Apollo 11: One giant leap in remembering our species' greatest voyage

By Jim Slotek

Rating: A

To paraphrase an axiom, “They can put a man on the moon, but they can’t figure out what to do with priceless archival footage.”

‘They’ in this case is the National Aeronautics and Space Administration (NASA), which had the foresight to commission – for promotional purposes - wonderful 65 and 70 mm footage of almost everything to do with the Apollo 11 mission that saw Neil Armstrong put the first human footprints on lunar soil 50 years ago. And then most of it sat in storage and buried in archives, and for all we know, broom closets.

Happily, filmmaker Todd Douglas Miller – the director of the spectacular IMAX-adapted documentary Apollo 11 - and various archivists, unearthed this “lost” treasure trove and approached it with a storyteller’s eye and attention to detail.

Armstrong, Aldrin and Collins get a lift to their date with destiny in living colour in Apollo 11

Armstrong, Aldrin and Collins get a lift to their date with destiny in living colour in Apollo 11

We’re not just talking about the astronauts donning their suits, or the ocean of white-shirted black-tied technicians monitoring telemetry on primitive consoles, or the on-camera video of spent booster rockets dropping away into the atmosphere as the mission broke free of Earth’s gravity.

Instead, Apollo 11 (which recently debuted to cheers at Sundance) is as amazing when it’s Earthbound as it is when it enters the vastness of space. We see nearby motel balconies filled with people prior to liftoff, a middle-aged man sipping a can of beer in a parking lot and staring at the Saturn V rocket in the distance. In the summer Florida heat, we see beads of sweat meander down the faces of onlookers. The clothes, the hairstyles, the crispness and unwashed colour of the images, all make us feel as if we’ve been dropped into the throngs of onlookers who might now be our grandparents.

Narratively, Apollo 11 is disarmingly simple, starting on the day of lift-off and ending at splashdown.

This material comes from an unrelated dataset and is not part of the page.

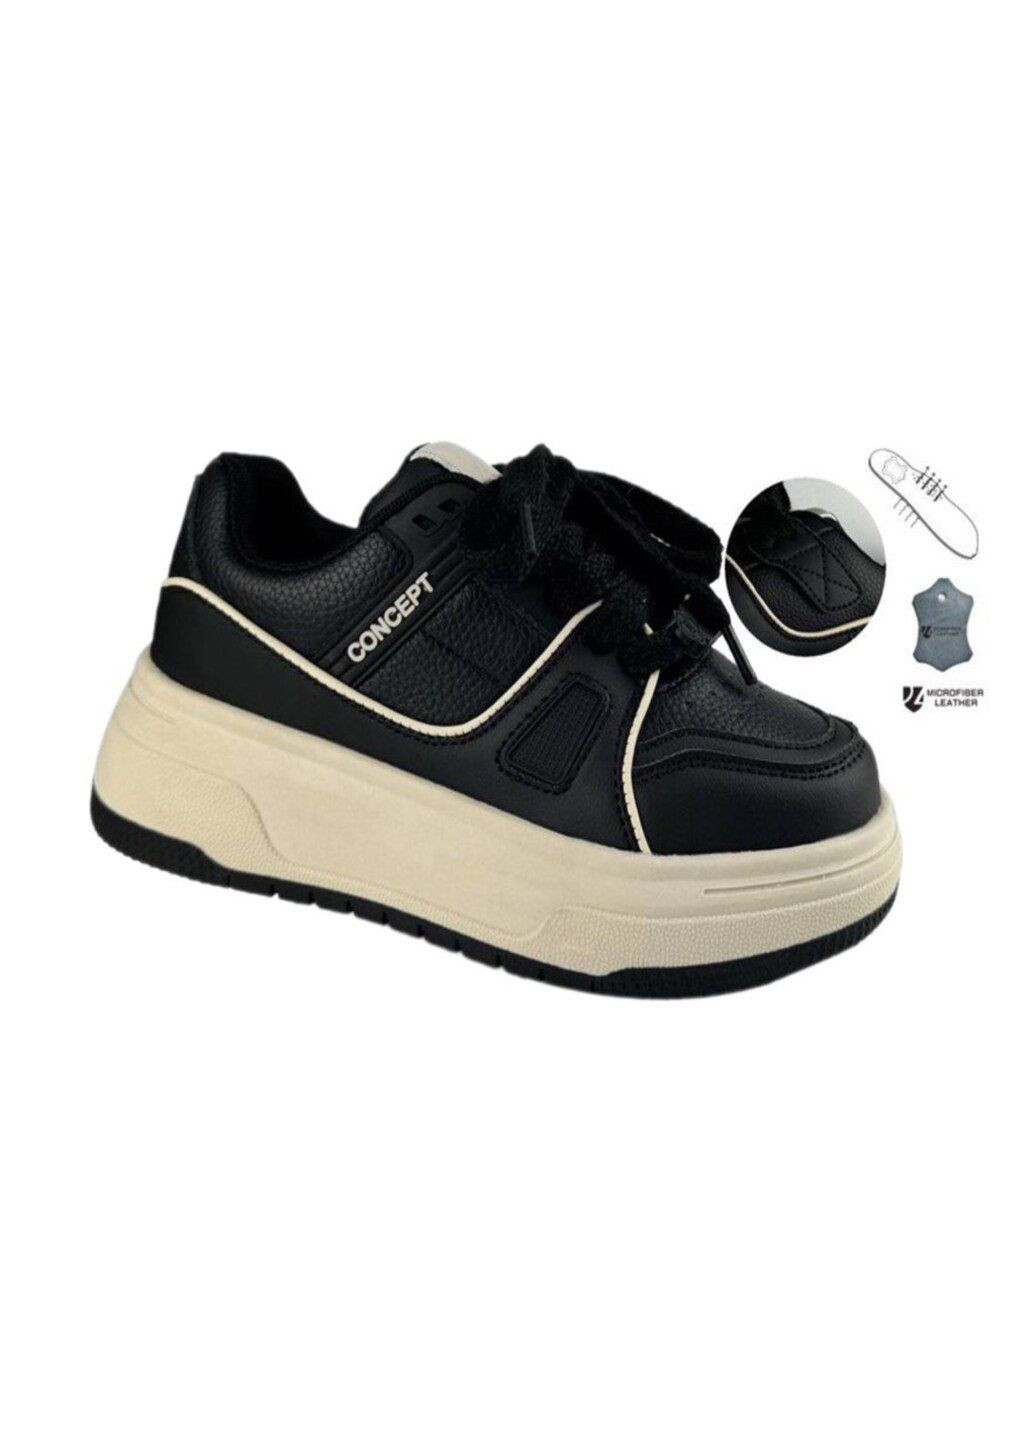 Черные демисезонные демисезонные кроссовки для девочки. Jong Golf
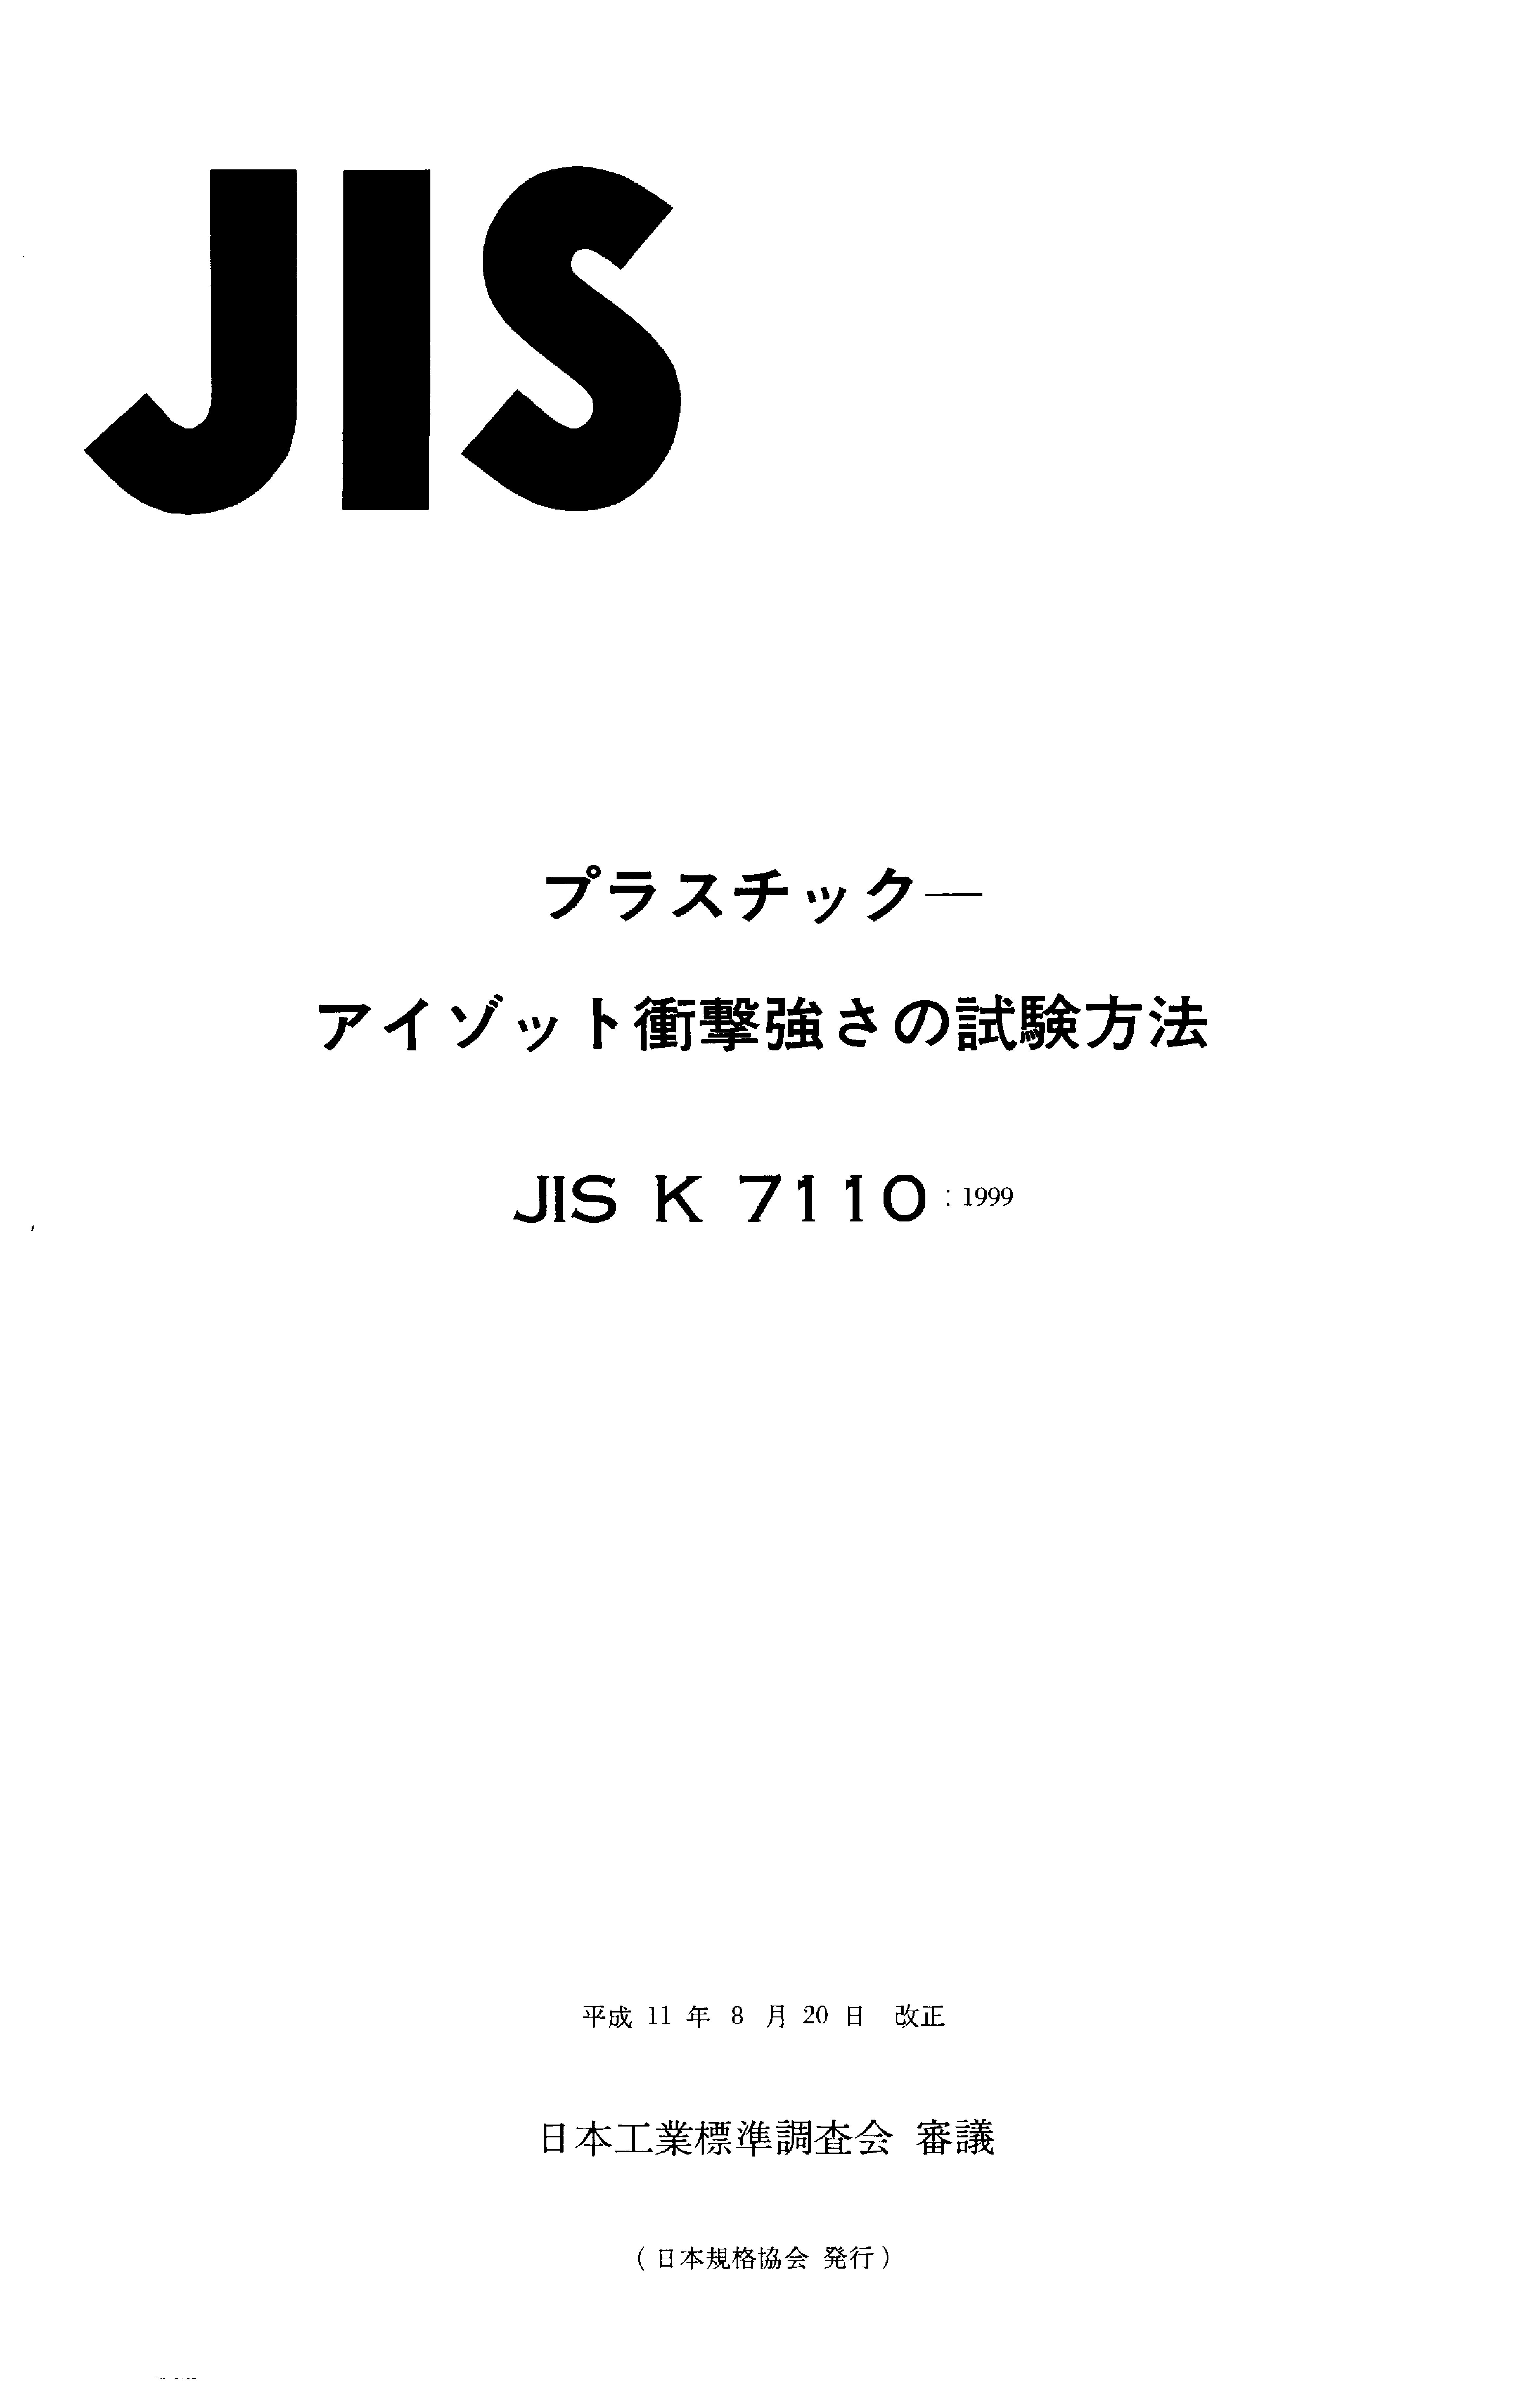 JIS K 7110:1999

But small details tell a larger story. The off-hand narration comes from a mix of NASA countdown status feeds and news reports, the most resonant bearing the unmistakable voice of Walter Cronkite (we learn that the Vietnam War was virtually on pause during the mission, perhaps the most stark demonstration of the extent to which Apollo 11 riveted the entire planet).

The outside world is seamlessly allowed to enter in another scene, where Mission Control updates Armstrong, Buzz Aldrin and Michael Collins on the latest news – including Sen. Ted Kennedy’s infamous Chappaquiddick car crash that resulted in the death of his campaign worker Mary Jo Kopechne. (The indecipherable response sounds like, “well I’ll be darned”).

As for the astronauts themselves, we obviously don’t get the personal deep dive into their personalities that we got from Damien Chazelle’s terrific and cruelly overlooked Armstrong biopic First Man. But the telemetry that monitors their physical responses to this unimaginably stressful mission speaks volumes. 

It turns out that the ebullient Aldrin always had the lowest heart rate. And the cool-as-ice Armstrong? Always the highest. When he pulled off the last-minute change of landing site in the Sea of Tranquility that left them with 16 seconds of fuel to spare, his heart-rate was above 150 beats per minute. That is a lot of buried stress.

There is, of course, a marked difference between the sparkling 70 mm pre-launch story and the one in space (the Saturn V, in particular, is blindingly majestic, lit up on the gantry waiting for its moment). But the lower-quality footage is smartly used. A grainy, close-up steps-angle video view captures both Armstrong’s and Aldrin’s descent to the surface as if we were standing next to them. And footage from the lunar module of the command module and vice versa is edited dramatically as the vehicles get closer to docking, ending in an audible clunk.

Apollo 11 is ultimately the finest look back to the anniversary of this historic event you’ll see this year.

Apollo 11. Directed by Todd Douglas Miller. Starring Neil Armstrong, Buzz Aldrin and Michael Collins. Opens Friday, March 1 in selected markets with IMAX theatres. Opens Friday, March 8 in theatres nationwide.